Environmental Weed Management Program 2015/16—Progress on the delivery—Ministerial statement, 18 February 2016.

I move:

That the Assembly take note of the paper.

MS LAWDER (Brindabella) (11.22): I thank Mr Gentleman for providing this update on the weeds program. It was pretty much in response to a motion I moved in November which called on the ACT government to reinstate the weed management funding cut in the 2015-16 budget, to reinstate meetings of the ACT Weeds Advisory Group and to report back to the Assembly in February 2016 on progress. The motion that I put forward of course was amended by the government. Nevertheless Mr Gentleman has provided this update today.

The update today does not mention reinstating the weed management funding. I note that TAMS have spent only about 30 per cent of their total budget so far. We are seven months or maybe 60 per cent through the year and, whilst pro rata spending is not necessarily the only way to measure effectiveness or efficiency, I wonder why we have spent only 30 per cent of the budget to date. I hope we are not going to underspend badly on this budget item with the potential to have the weeds out of control by not using up the budget, albeit the already diminished budget, in the weeds area. African love grass, which was the major thrust of my motion presented late last year, gets one very brief mention in your statement, Minister Gentleman. That is a little disappointing. It also does not mention the Weeds Advisory Group.

While we talk about expenditure of $1.5 million on the weeds program this year, there was no indication in Mr Gentleman’s statement whether that amount is adequate based on advice from responsible weeds officials in the directorate, the Weeds Advisory Group and feedback from the community, including the volunteers who are also assisting in managing weeds. The estimates committee was told that an average of just over $2 million in recent years was just adequate to stay on top of the weed problem.

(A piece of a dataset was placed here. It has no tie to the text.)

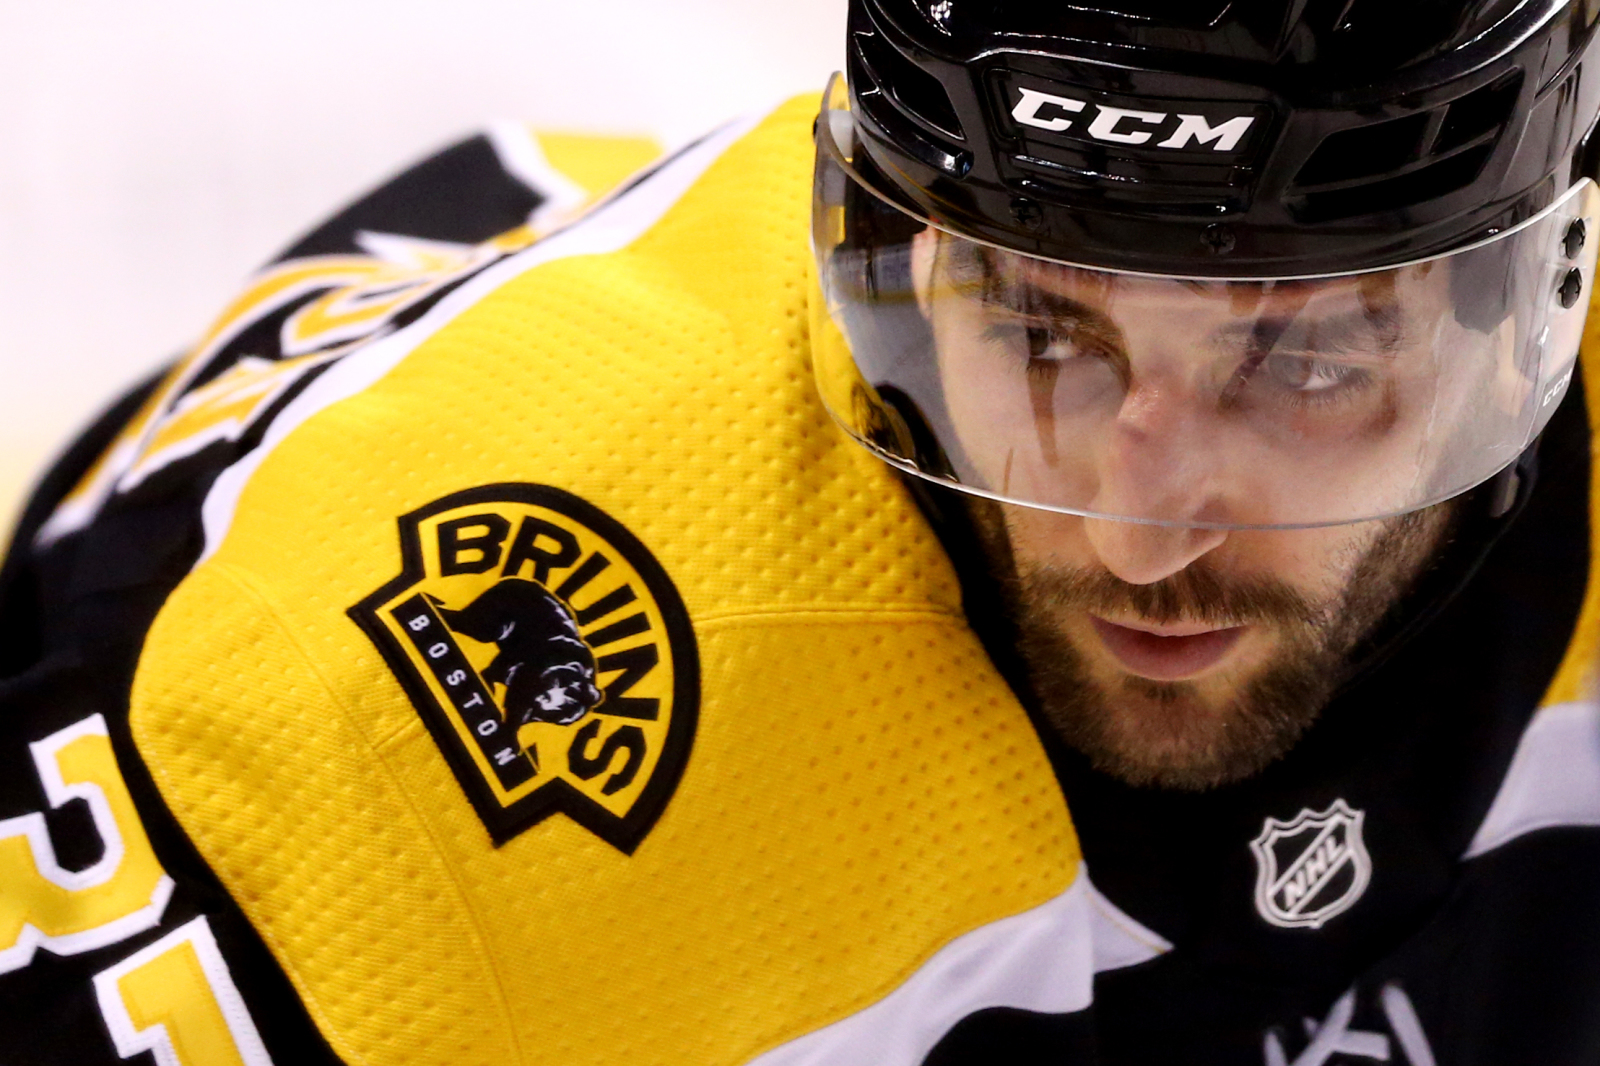 CCM Hockey on X: Let's celebrate Patrice Bergeron today! Comment

The minister also said that funding enables the control of weeds in many of the territory’s protected areas. He says only “many of the areas”, and not that the program is adequate for all protected areas. The minister makes a good point that weed control work in any given year is susceptible to prevailing weather conditions. However, he seems to claim that the 2015-16 ACT budget was framed in the knowledge that: “The weather conditions thus far have provided for a slow weed year, which is a positive thing.” It remains to be seen whether the year will remain slow for weeds. It is a post-hoc rationalisation that funding reduction is okay because the weeds did not grow.